Alright, so St. Patrick’s Day is rolling around again. Usually, I’m all about the regular festive treats, but this year I decided to try something different. My sister’s been eating gluten-free for a while now, and I figured it’d be nice to make something everyone could actually enjoy together. Plus, honestly, I was curious how hard it would be.
Getting Started and Gathering Stuff
First thing I did was hit the internet, looking for ideas. You type in “gluten-free St. Patrick’s desserts” and wow, a lot comes up. Some looked way too complicated, needing weird ingredients I’d never heard of. I wanted something straightforward. I settled on trying two things: some simple mint chocolate chip cookies and maybe some kind of green brownie or blondie.

Next step was the grocery store. Finding the gluten-free flour blend wasn’t too bad these days, most bigger stores have a decent section. I grabbed one that said it was a cup-for-cup replacement, hoping that would make things easier. Also needed xanthan gum – heard that helps hold gluten-free stuff together. Got my usual butter, sugar, eggs, plus some peppermint extract and, of course, green food coloring. I opted for the simple liquid drops, nothing fancy.
Into the Kitchen We Go
I decided to tackle the cookies first. The recipe seemed easy enough. I creamed the butter and sugar, added the eggs and peppermint extract. Then came the gluten-free flour mix. This is where things felt different. The dough seemed…grittier? Less stretchy than normal cookie dough. I mixed in the chocolate chips and a few drops of green coloring. It looked the part, at least.
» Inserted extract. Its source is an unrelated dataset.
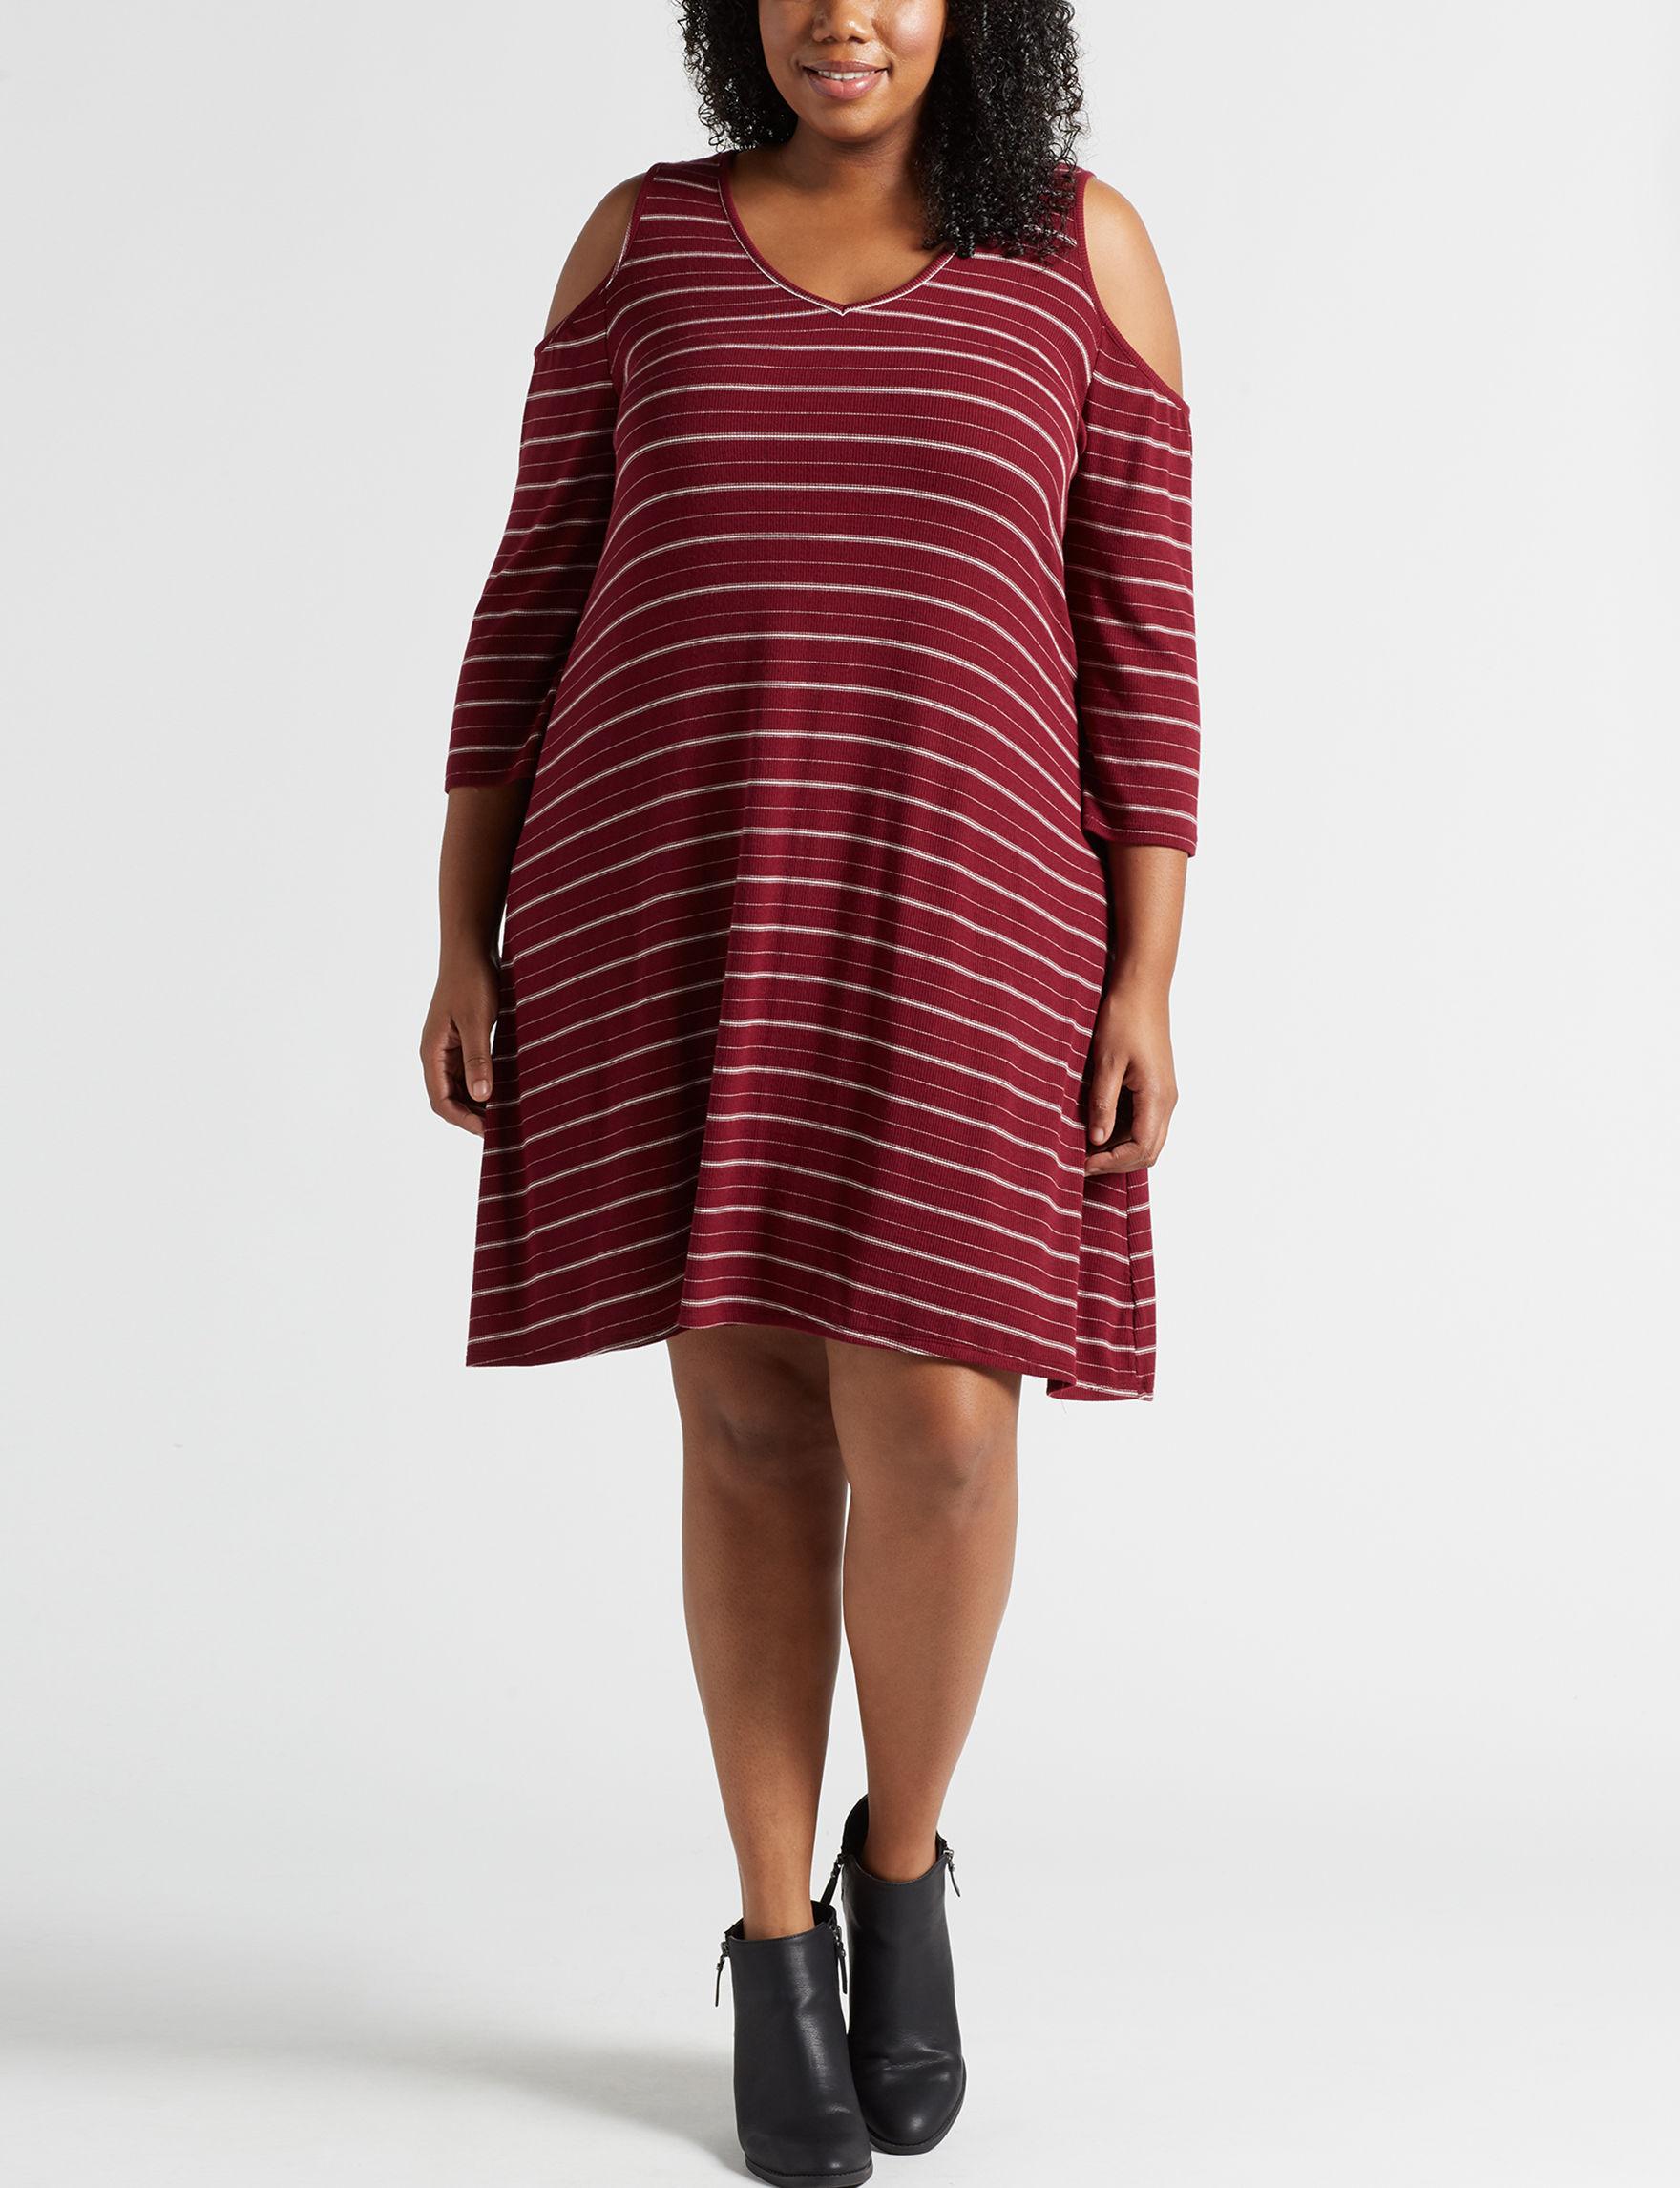 Wishful Park Wine Stripe Everyday & Casual Shift Dresses

Scooping them onto the baking sheet was okay, maybe a little stickier than I’m used to. Popped them in the oven, keeping a close eye on them. Gluten-free things can sometimes bake faster or slower, I’ve heard.
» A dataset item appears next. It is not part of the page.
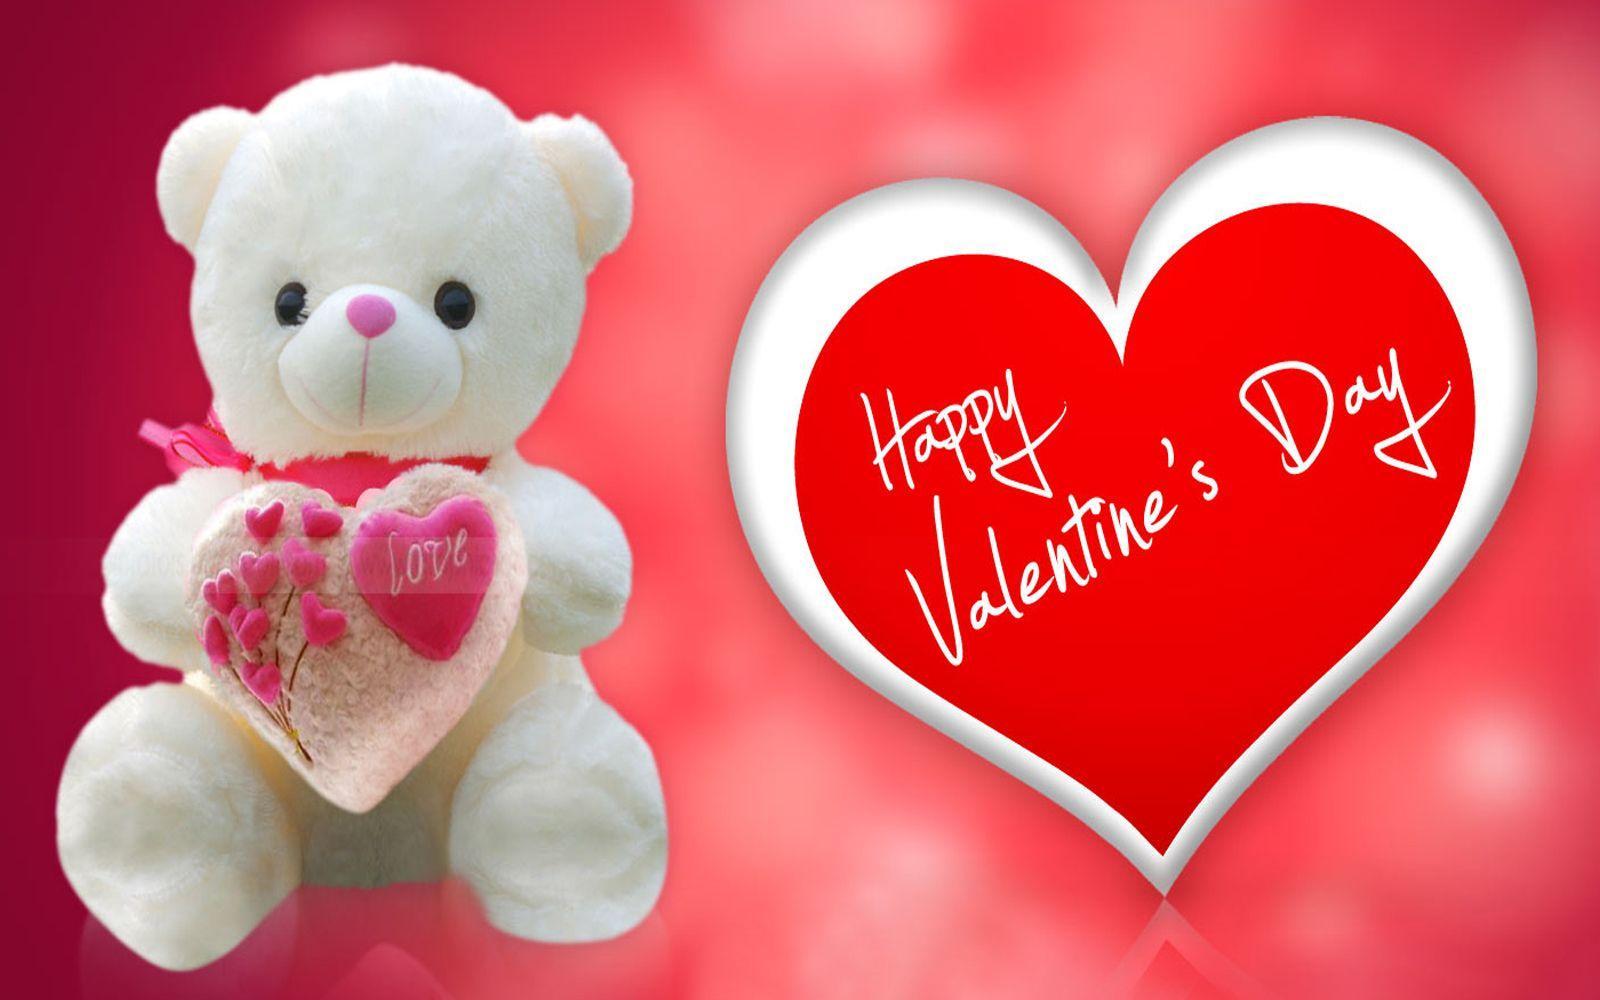 1600x1000 Happy Valentines Day Image, HD Wallpaper, Photo & Pics, Whatsapp

While the cookies baked, I started on the brownies. Found a recipe for gluten-free blondies that I figured I could just dye green and add mint to. Again, mixing the wet ingredients was fine. Adding the GF flour blend… same deal. The batter felt denser. I added the green dye – maybe a bit too much, it looked intensely green! Stirred in some chopped chocolate.
The Results and What I Learned
Okay, the cookies came out of the oven. They spread a bit more than I expected, looking a little flat. Taste test? Surprisingly good! Nice minty flavor, decent texture, maybe slightly crumblier than a regular cookie, but definitely enjoyable. Success number one, I’d say.
Then the brownies, or greenies, I guess. They took a bit longer to bake than the recipe suggested. The toothpick test was tricky; it kept coming out a bit wet in the middle. I eventually pulled them out, hoping for the best. Letting them cool was important.
Cutting into the greenies… they were very fudgy. Almost too fudgy in the center. The taste was good, minty and sweet, but the texture was a bit off, very dense. Not bad, but not quite the chewy brownie I was aiming for. Maybe I should have adjusted the liquid or baking time more.

So, what did I learn? Gluten-free baking isn’t scary, but it’s definitely different. The texture is the main thing. You can’t just swap flour and expect the exact same result without potentially needing other small tweaks. The cup-for-cup flour was helpful, but maybe next time I’d research specific flour blends for brownies versus cookies. Also, trust your gut on baking times, not just the recipe.
Overall, it was a fun experiment. We had green, gluten-free treats for St. Paddy’s, and my sister was happy she could dig in. Definitely worth trying if you need GF options for a gathering.